**Problem to work on**
Reproduce the records below exactly from their first line through the line containing "La résidence Orpea", omitting all pictures.

**Data to use**
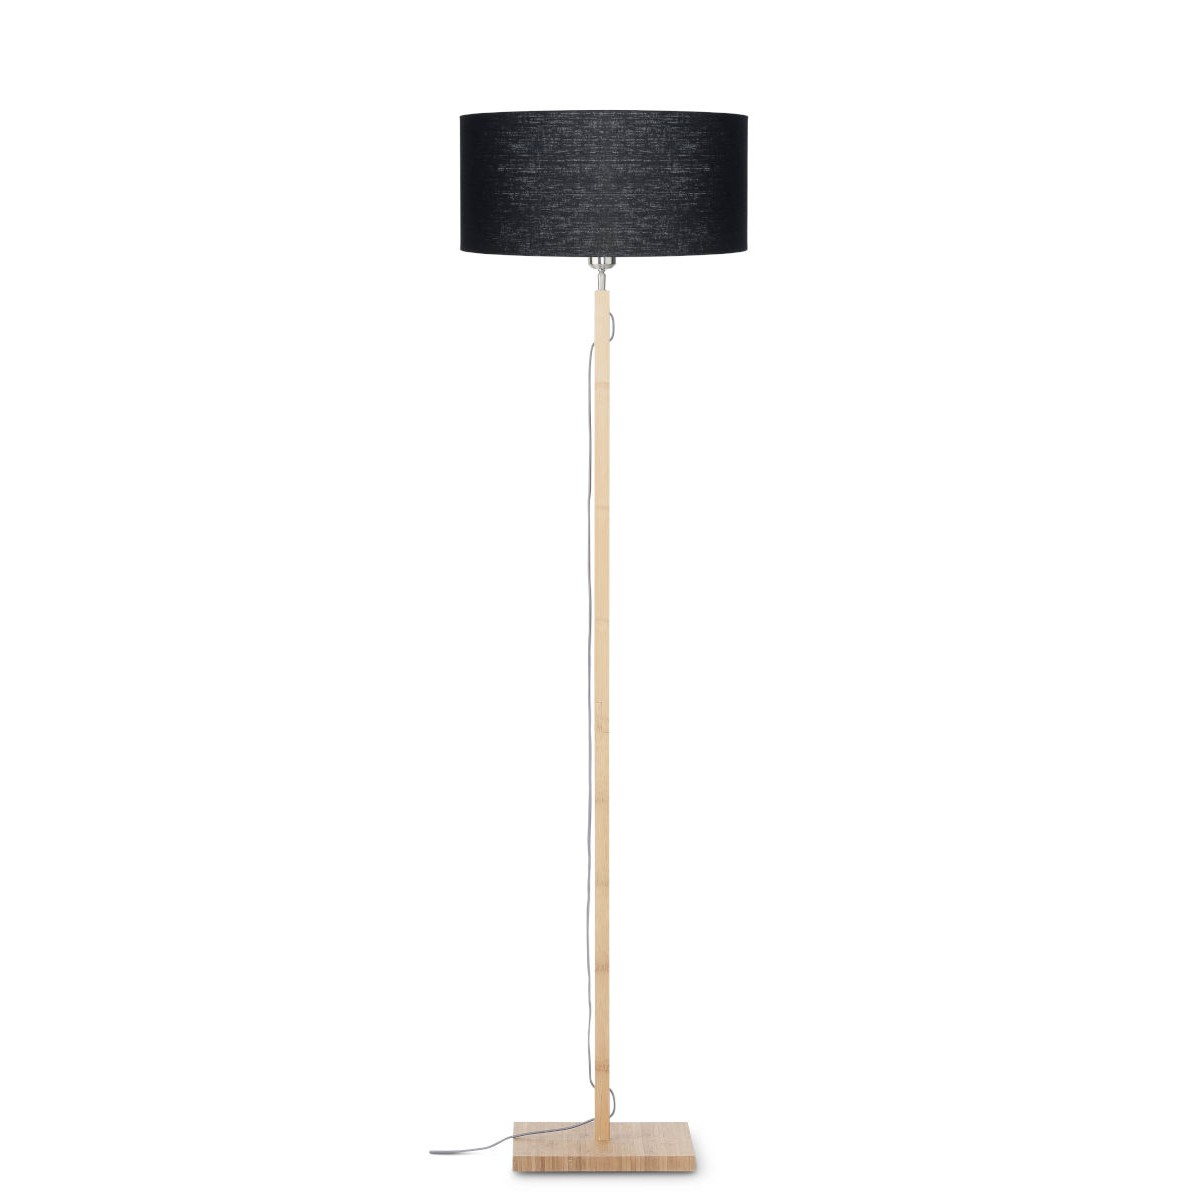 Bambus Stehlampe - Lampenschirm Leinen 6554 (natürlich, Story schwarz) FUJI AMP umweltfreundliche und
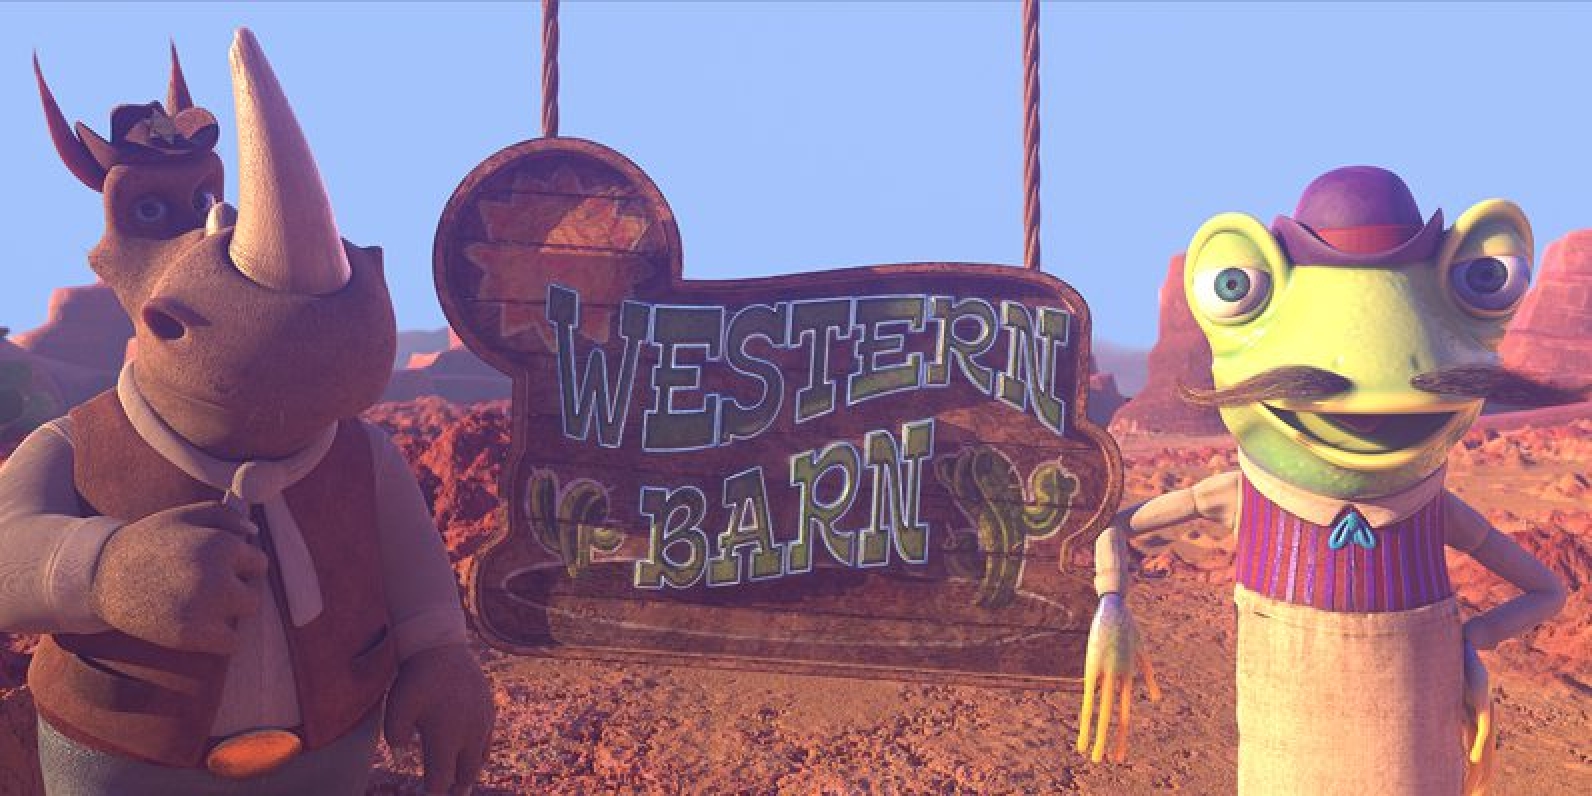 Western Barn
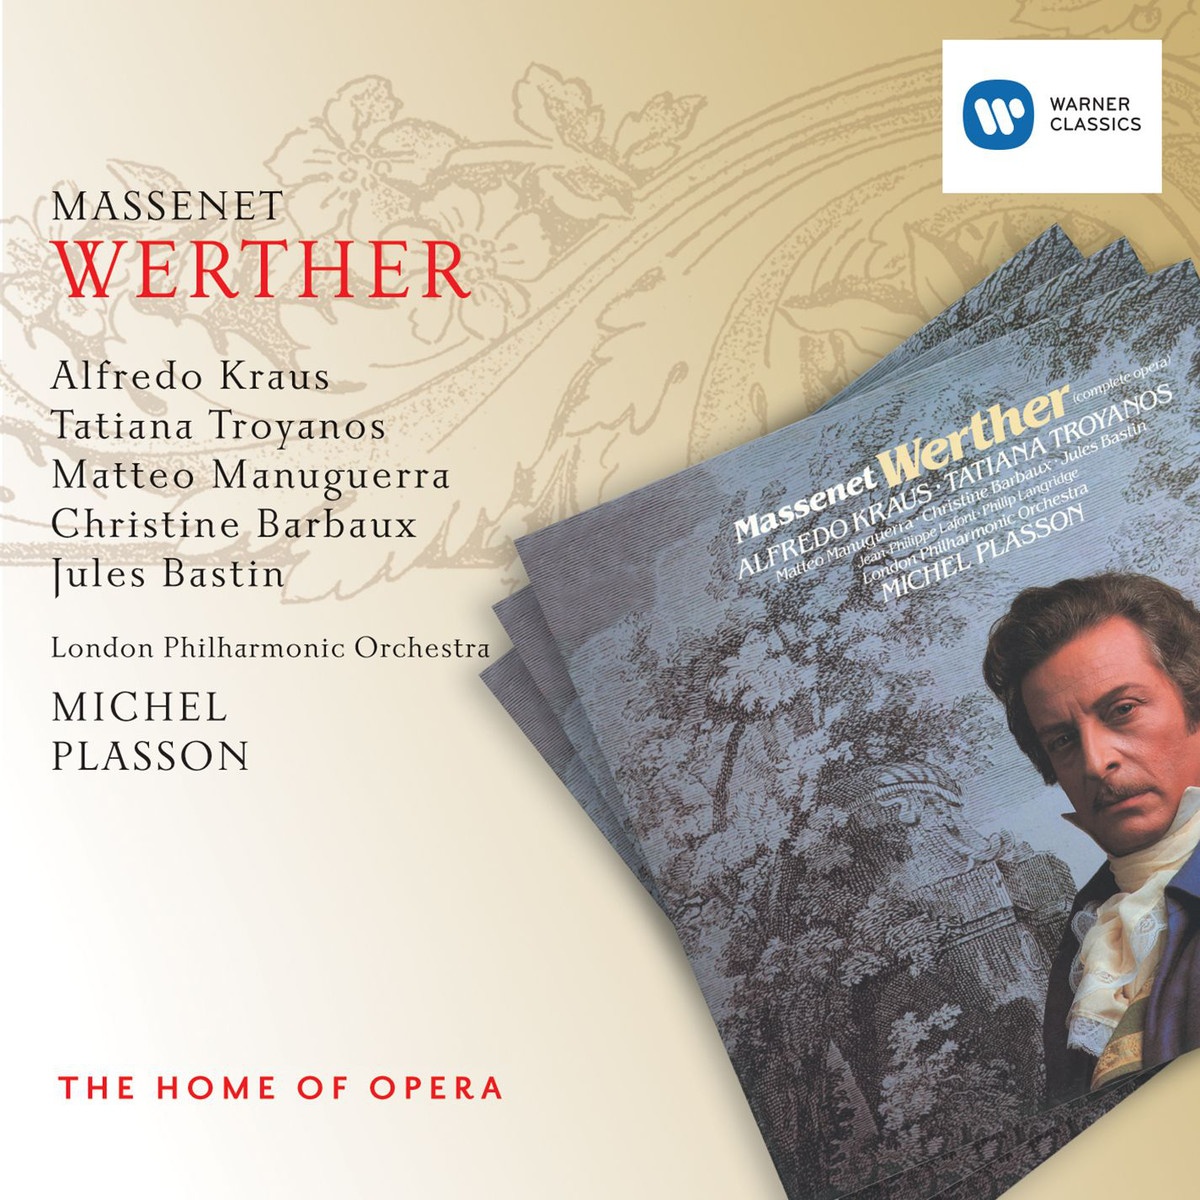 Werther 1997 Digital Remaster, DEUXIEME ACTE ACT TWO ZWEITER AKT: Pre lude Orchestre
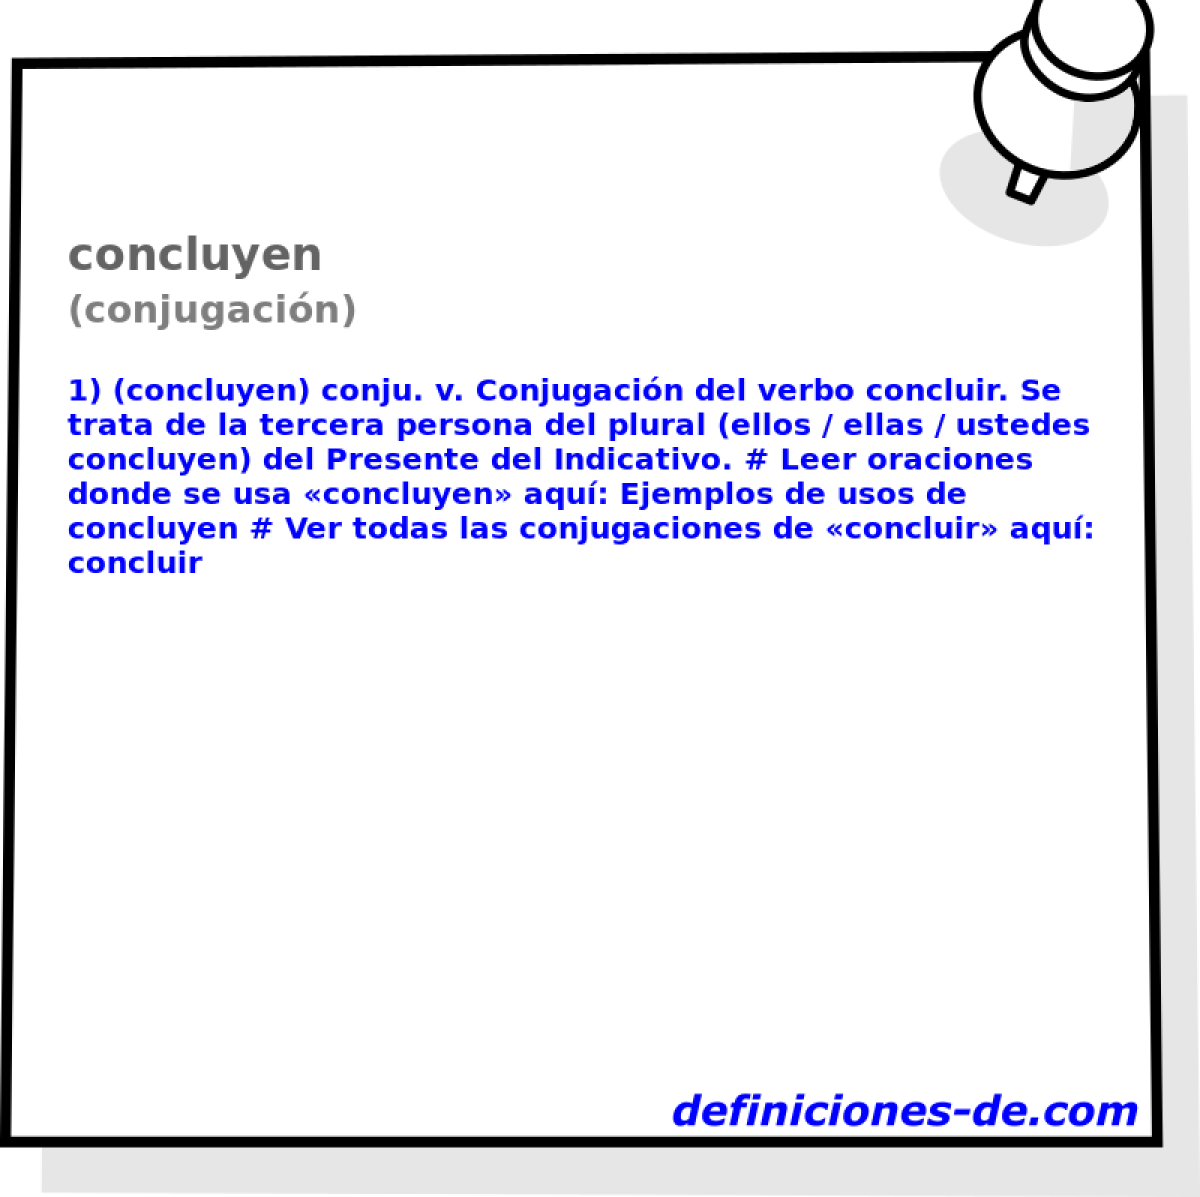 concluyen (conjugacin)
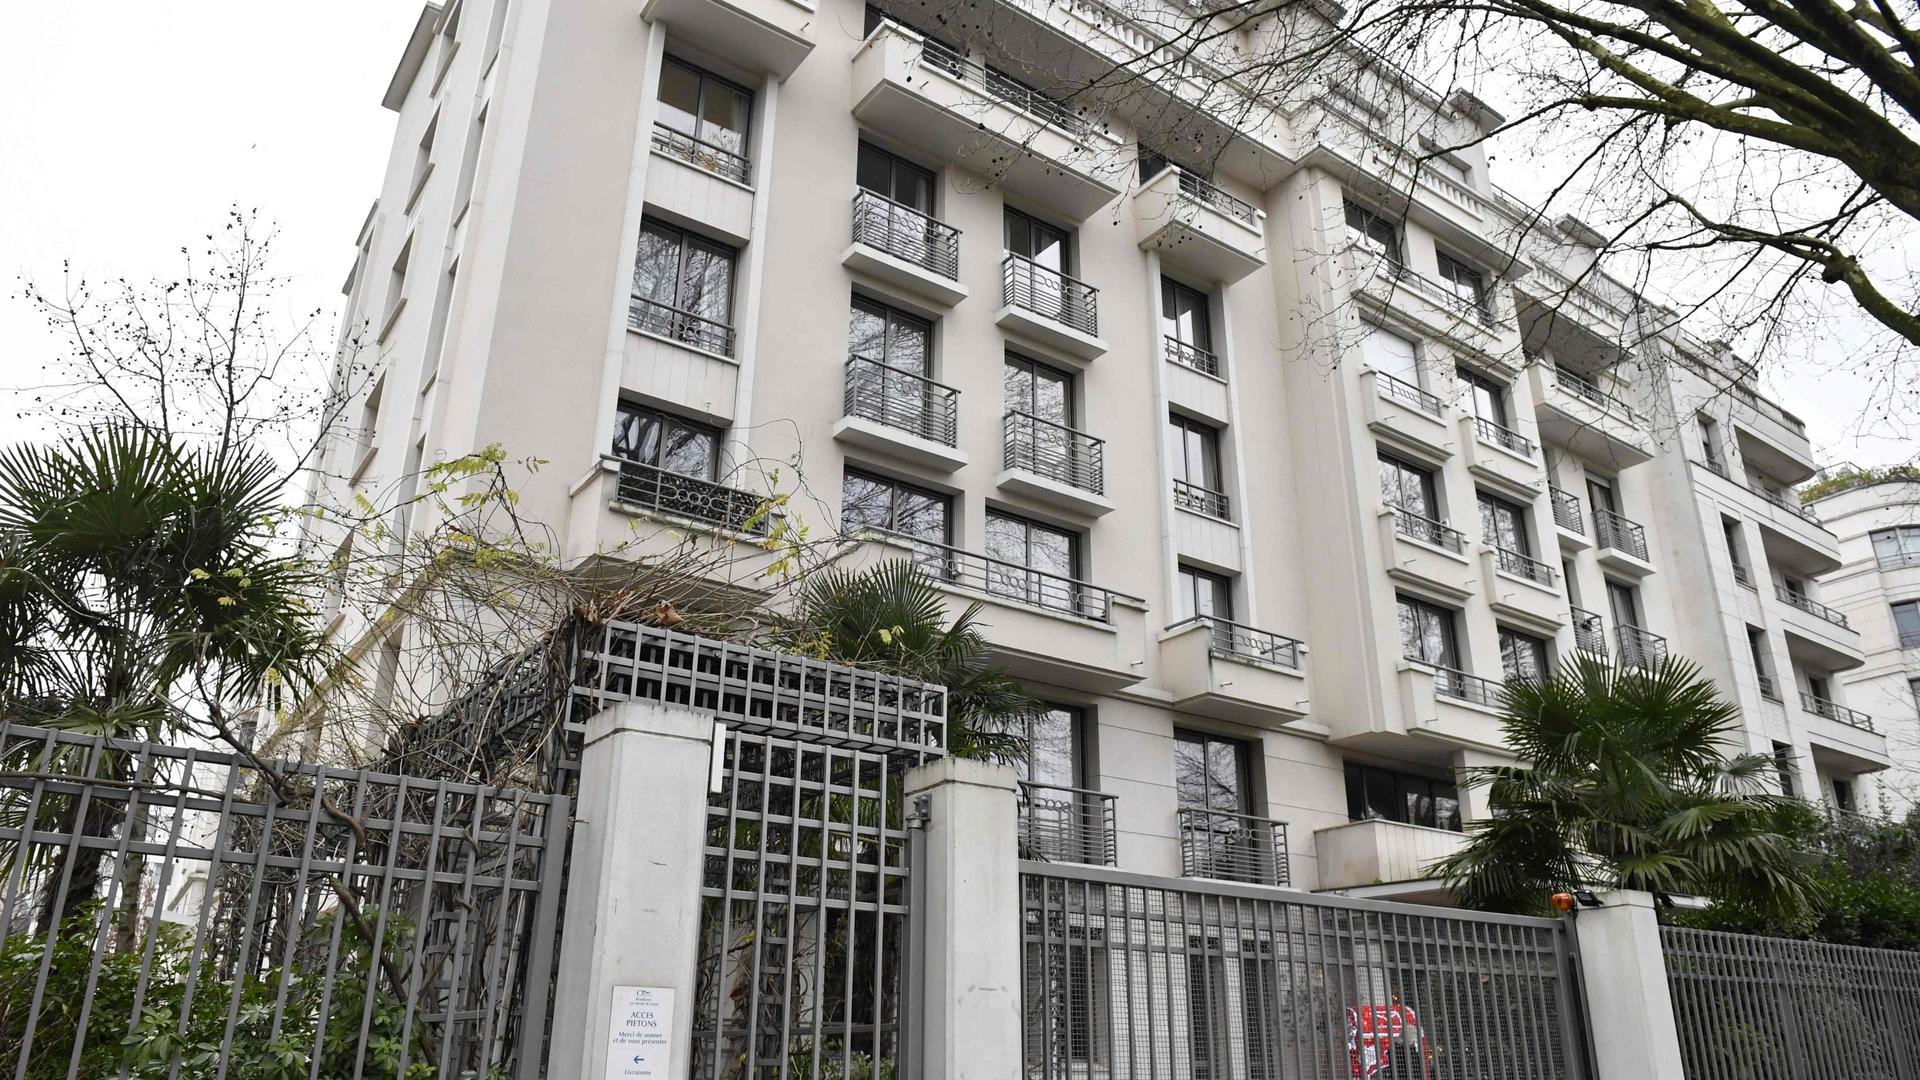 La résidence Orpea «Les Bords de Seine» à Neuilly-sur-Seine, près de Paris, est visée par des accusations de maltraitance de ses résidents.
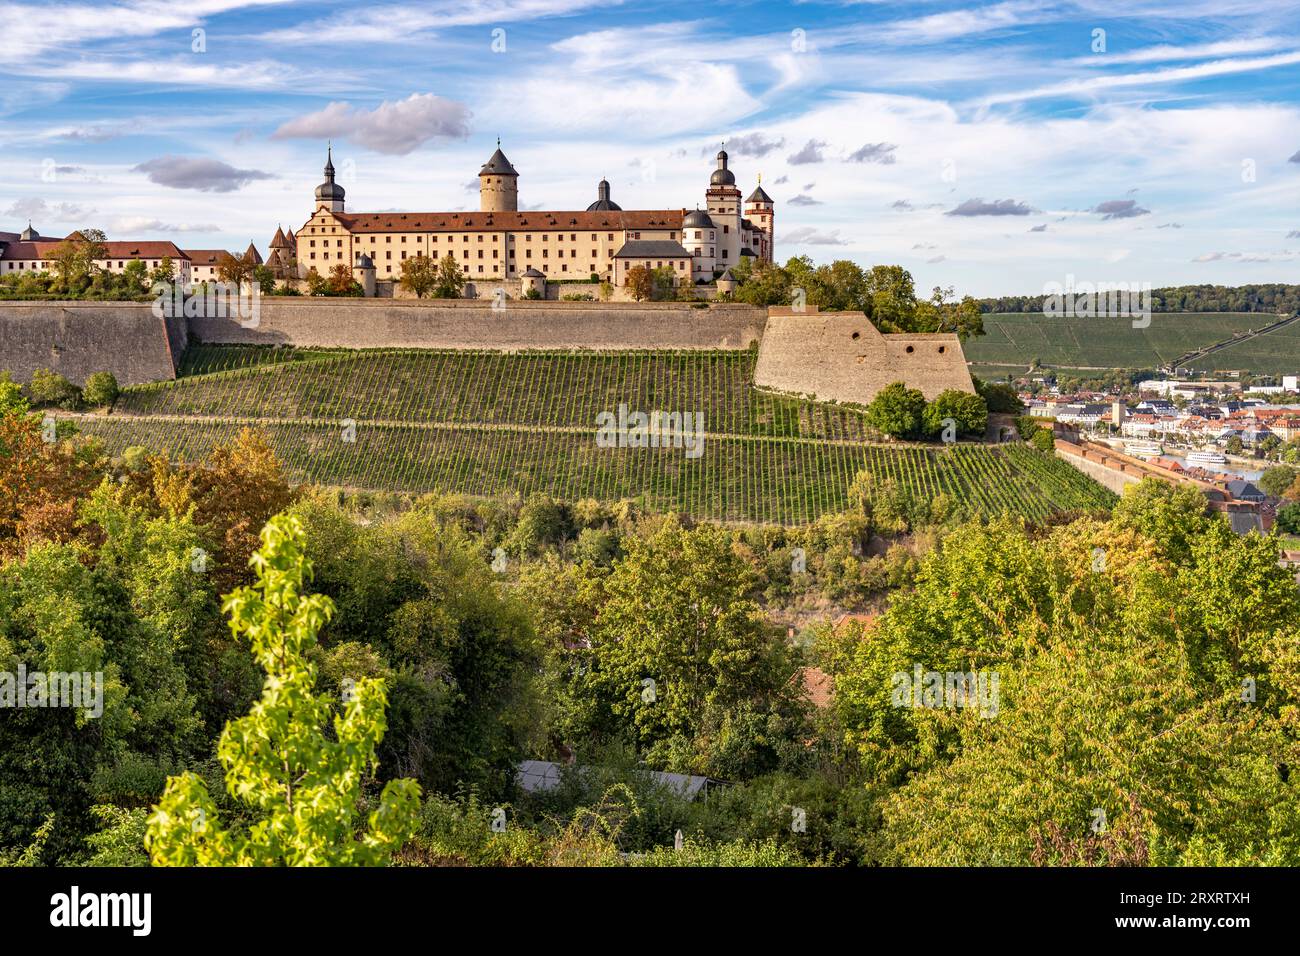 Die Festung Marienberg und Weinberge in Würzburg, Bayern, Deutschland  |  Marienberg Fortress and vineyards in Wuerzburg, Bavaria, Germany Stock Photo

**Answer**
 Bambus Stehlampe - Lampenschirm Leinen 6554 (natürlich, Story schwarz) FUJI AMP umweltfreundliche und
 Western Barn
 Werther 1997 Digital Remaster, DEUXIEME ACTE ACT TWO ZWEITER AKT: Pre lude Orchestre
 concluyen (conjugacin)
 La résidence Orpea «Les Bords de Seine» à Neuilly-sur-Seine, près de Paris, est visée par des accusations de maltraitance de ses résidents.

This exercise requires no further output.